= Louis de Corlieu =

French naval officer and inventor of the swimfin

Louis Marie de Corlieu (born 23 November 1888 in Bourges; died 19 October 1967 or 1971) in Paris, was a French naval officer and inventor of the swimfin.

==Military service==
He served as Capitaine de corvette (lieutenant commander) in the French navy in the First World War. In 1925 he left the navy to study techniques for survival at sea.

==Invention of the swimfin==
After working as a hydrographer in the Belgian Congo from 1928 to 1933, he developed swimfins in 1933, patented them in Paris, and registered them in seven other countries. De Corlieu demonstrated his first prototype of a modern swimfin in front of an audience of officers which included Yves Le Prieur who invented an underwater breathing apparatus in 1926 to 1934. The combination of de Corlieu's fins with le Prieur's breathing apparatus in 1935 was a significant development towards the free-swimming scuba diver. In 1939, de Corlieu finally started mass production of his fins, which until then he had made in his apartment in Paris. In the same year, the American Owen P. Churchill bought a license from Corlieu to produce the fins in the United States, and began to market them 6 months later. They were adopted by the US Navy in 1940 for their combat swimmers, who used them during the Normandy landing and in other operations. In 1945, he invented a more flexible model, which was copied and used for underwater hunting. After the end of the Second World War, these fins and the open circuit underwater breathing apparatus (Aqua Lung) helped develop the scuba diving popularized by Philippe Tailliez and Jacques-Yves Cousteau. De Corlieu was constantly involved in litigation to assert his rights as the inventor and pursue all the companies that copied his invention and sold their products without paying royalties.

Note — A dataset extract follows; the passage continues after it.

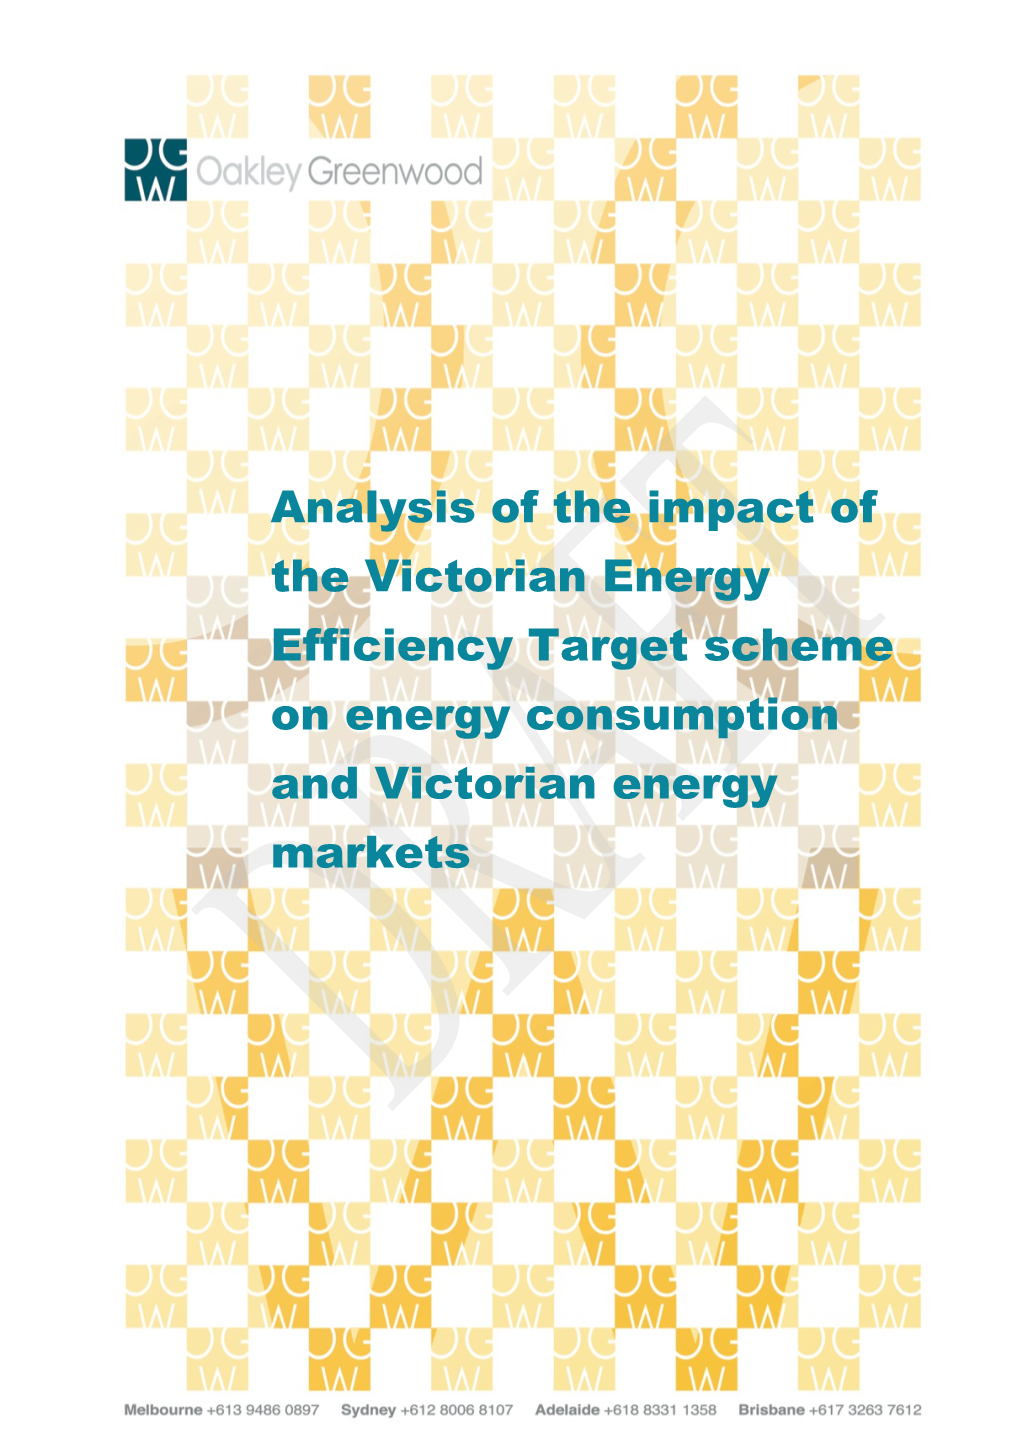 Analysis of the Impact of the Victorian Energy Efficiency Target Scheme on Energy Consumption

The book Le Premier Delphinus Humain (The First Human Dolphin), based on the archives of the Corlieu family and of the French Navy, tells its story. On 9 June 2018 a commemorative plaque was unveiled in the city of Saint-Jean-de-Luz, in memory of a demonstration crossing the bay of Luz in front of French naval observers, on 10 June 1933, during which de Corlieu swam for 6 hours in water at 12°C, traversing 8 km. The French Navy declined to adopt the "swimming and rescue propellants", as they were named at the time.

Louis de Corlieu was inducted to the International Scuba Diving Hall of Fame as an early pioneer of diving.